А потом пришли волки. Миронег сквозь дурман полузабытья узрел их горящие очи и не сумел испугаться, не совершил ни единой попытки защитить ускользающую жизнь. Звери ходили кругами, и Миронег обострившимся чутьем слышал их звериный запах, слышал, как стучат по сохлой земле их когти.
– Хватай за горло, степная тварь, – смиренно попросил он. – Смилостивься, хватай так, чтобы сразу дух вон. О Господи, помилуй мя! Нет уж сил терпеть адские муки! Если уж суждено быть степным зверем сожранным, так лиши сначала света разума, а потом уж пусть угрызает зверь плоть мою!
– Тат! Тат! Олег! – услышал он человеческую речь, и голос оказался подобен гулу дальнего набата. – Щи дэж никуэ!
– На каком наречии ты разговариваешь со мной, Господи? – изумился Миронег. – Крещён-то я был именем святого великомученика Апполинария. Так почто величаешь мя варяжским именем Олег?
– Господь твой не слышит тебя, – был ответ. – Зато я за много фарсахов[7] слышу твоё нытьё, Аппо!
– Тат! Тат! Тат! – звали голоса.
Земля сотрясалась под ударами молотов, которые, казалось, были теперь совсем рядом, и Миронегу почудилось, будто пустая степь возжелала стряхнуть его со своей груди. В воздух взвились клубы праха, пыль попала Миронегу в нос, он чихнул, ахнул от боли.

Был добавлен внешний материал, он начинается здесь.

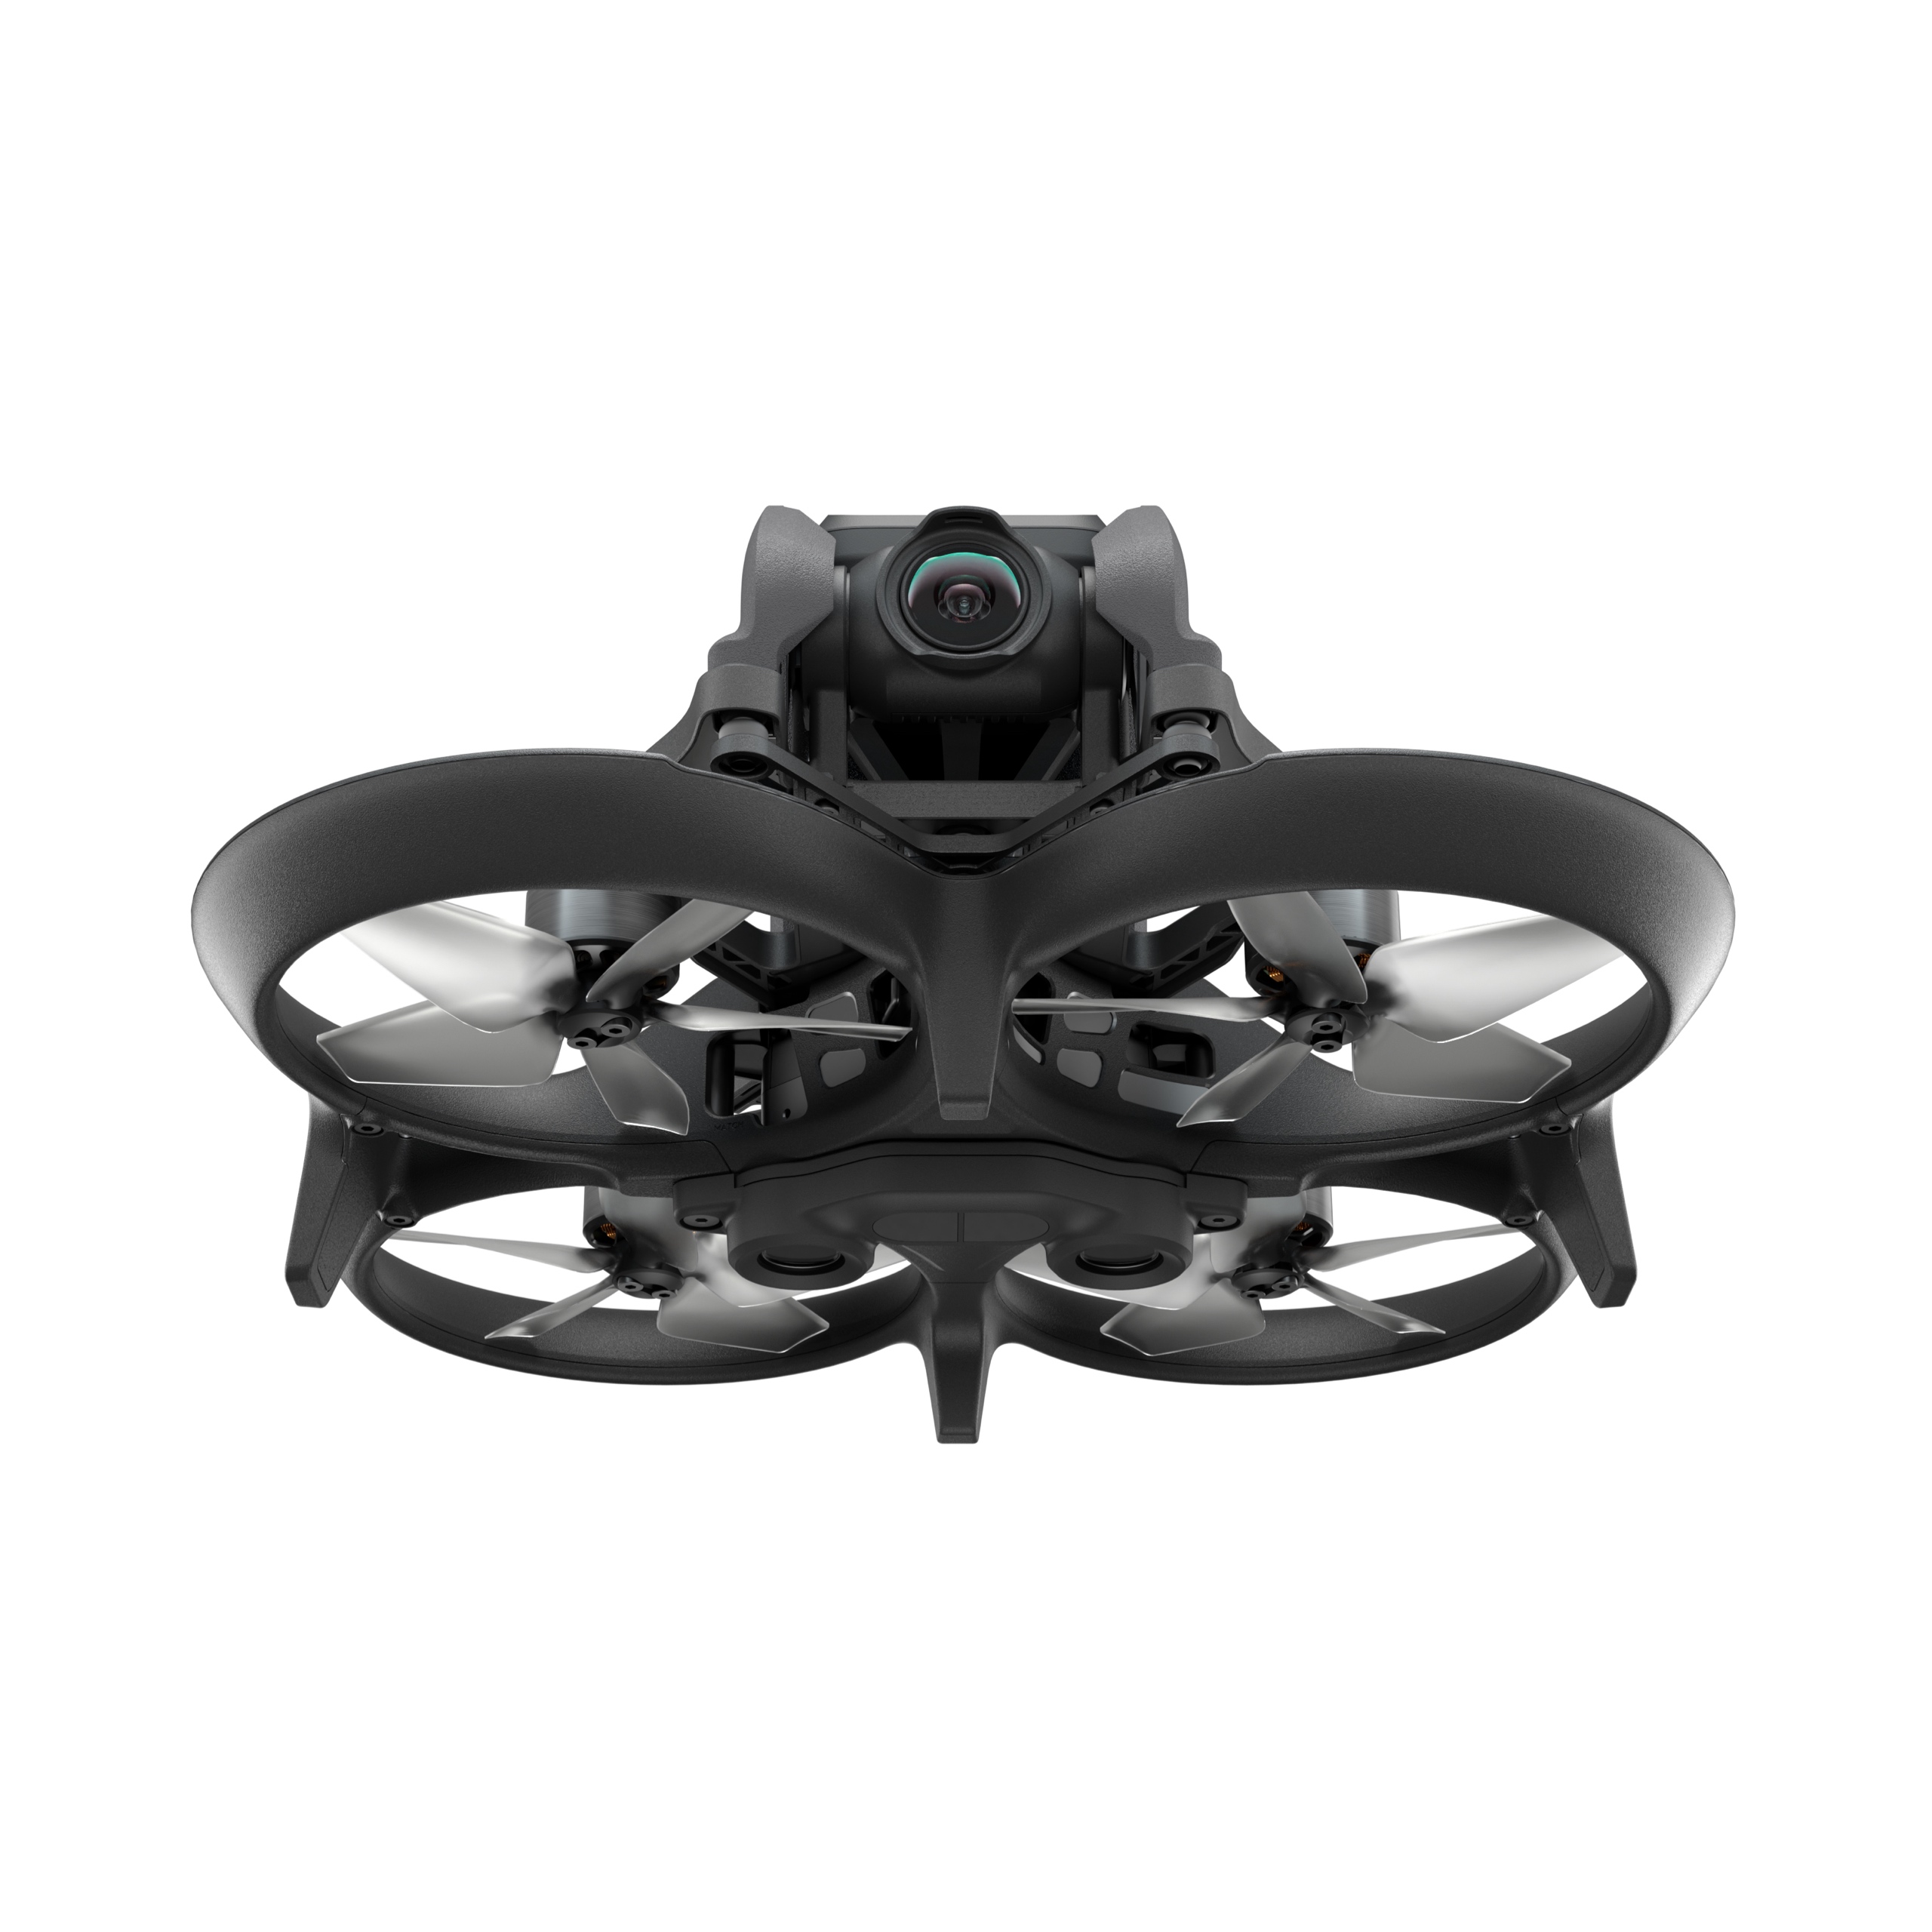 DJI Avata Immersive Flight Drone Intuitive Motion Control 4K/60fps
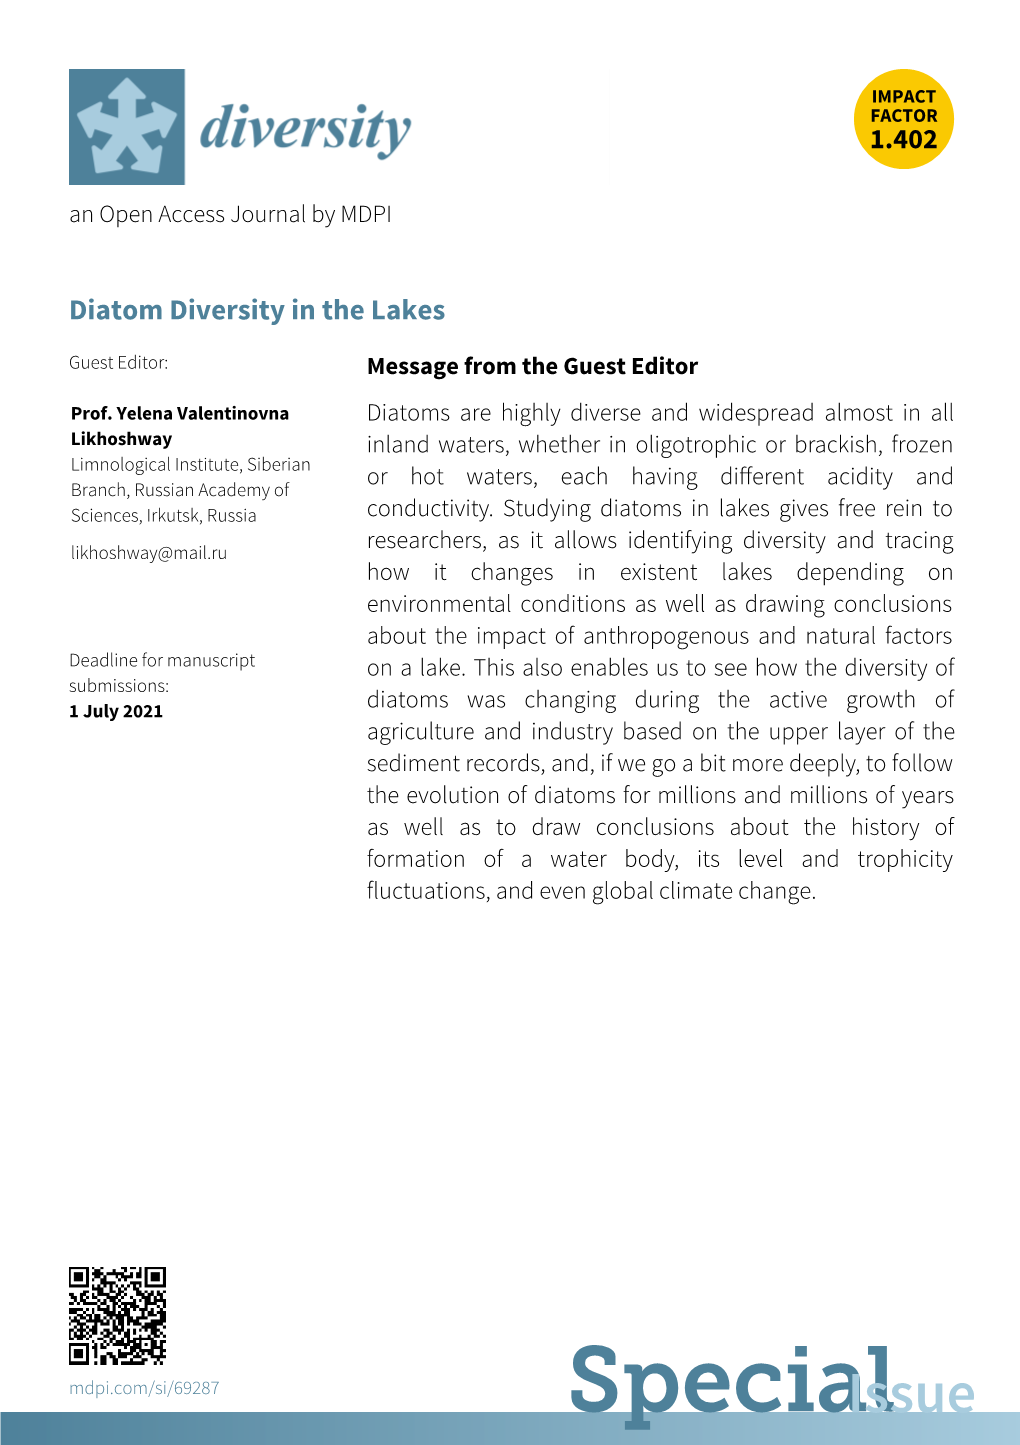 Diatom Diversity in the Lakes

Попытался убраться подалее, улезть в заросли бобыльника. Он снова испытывал позорнейший, цепенящий страх.
– О, Боже! Спаси и сохрани непутёвого раба Твоего, жалкого труса Апполинария!
Его кулём положили поперёк седла. Вот это по-настоящему нестерпимо! Едва лишь конь тронулся с места, едва лишь он совершил первые шаги, невыносимая боль выбросила Твердяту в небытие, в чёрную пустоту, где он блуждал, одержимый мучительной жаждой отыскать потерянного себя. Он шарил руками в бескрайней черноте, но руки плохо повиновались ему. Он пытался кричать, но горло его не могло исторгнуть ни единого звука. Наконец, когда он почти уж отчаялся снова обрести тварный мир, небытие кончилось. Безвременье разбил узкий солнечный луч, нечаянно упавший на его лицо. Узкий лучик света сначала прыгнул ему на лоб, потом больно ущипнул за правое веко, заставив плотнее прикрыть глаза. Потом на подбородок и на грудь, а потом и вовсе исчез, оставив вместо себя темноту. Так Твердята заново обрёл тело, которое нестерпимо болело при каждом движении. Так Твердята заново обрел вселенную: кошма из грубой шерсти – под ним, купол шатра с дыркой посредине – над ним. Вот и вся вселенная. Мирозданье населяли маленький лучик и очень большой человек. Оба насельника являлись к нему ежедневно, принося заботу и сострадание.
Большой человек, тихонько напевая, ворочал Твердяту, причиняя ему невыносимую боль. Твердята плакал и ругался. Тогда большой человек принимался петь громче, и звонкий, чистый голос его заглушал стоны раненого. Твердята говорил ему, что поднимется сам, и он пробовал приподняться, но нестерпимая боль снова и снова останавливала его, вынуждая смиренно опускаться на кошму. Большой человек менял примочки у него на лице, перевязывал раны на теле. Прикосновения его были подобны трепетанию крыл мотылька, но и они причиняли ощутимую боль. Твердята терпел всё, сцепив зубы. А потом большой человек уходил, а Твердята, пользуясь его отсутствием, внимательно изучал свою обитель.
Он хворал в небольшом шатре – пирамиде из плотного войлока, натянутого на каркас из длинных жердин. В центре сооружения располагался очаг. Большой человек каждый вечер разводил в нём огонь. В ногах Твердятиного ложа стоял большой глиняный жбан, служивший отхожим местом для хворого. В шатре всегда было так пусто, темно и тихо, словно он стоял посреди безлюдной пустыни. А порой Твердяте грезилось, будто шатер стоит на плоту, который медленно плывет по волнам, вдали от берега, в открытом море. Но почему тогда он не слышит плеска воды? Почему не чует солоноватого аромата морских ветров? Твердята распахивал глаза, смотрел, стараясь не ворочать больной головой. Далеко в вышине там, где смыкались жерди, составлявшие скелет шатра, где зияло отверстие для выхода дыма, там серело небо. Твердята мог не поворачивая головы, а значит, не испытывая боли, невозбранно смотреть туда, в любое время дня и ночи. Там дышало небо, там постоянно всё менялось. Иногда через отверстие сеял дождичек. В строго определённое время и ненадолго, в шатер впрыгивал одинокий солнечный луч. И он радовал Твердяту. В остальное же время под пологом шатра царил благодатный полумрак. Ах, как хорошо! Належался Твердята под палящим солнцем. Довольно!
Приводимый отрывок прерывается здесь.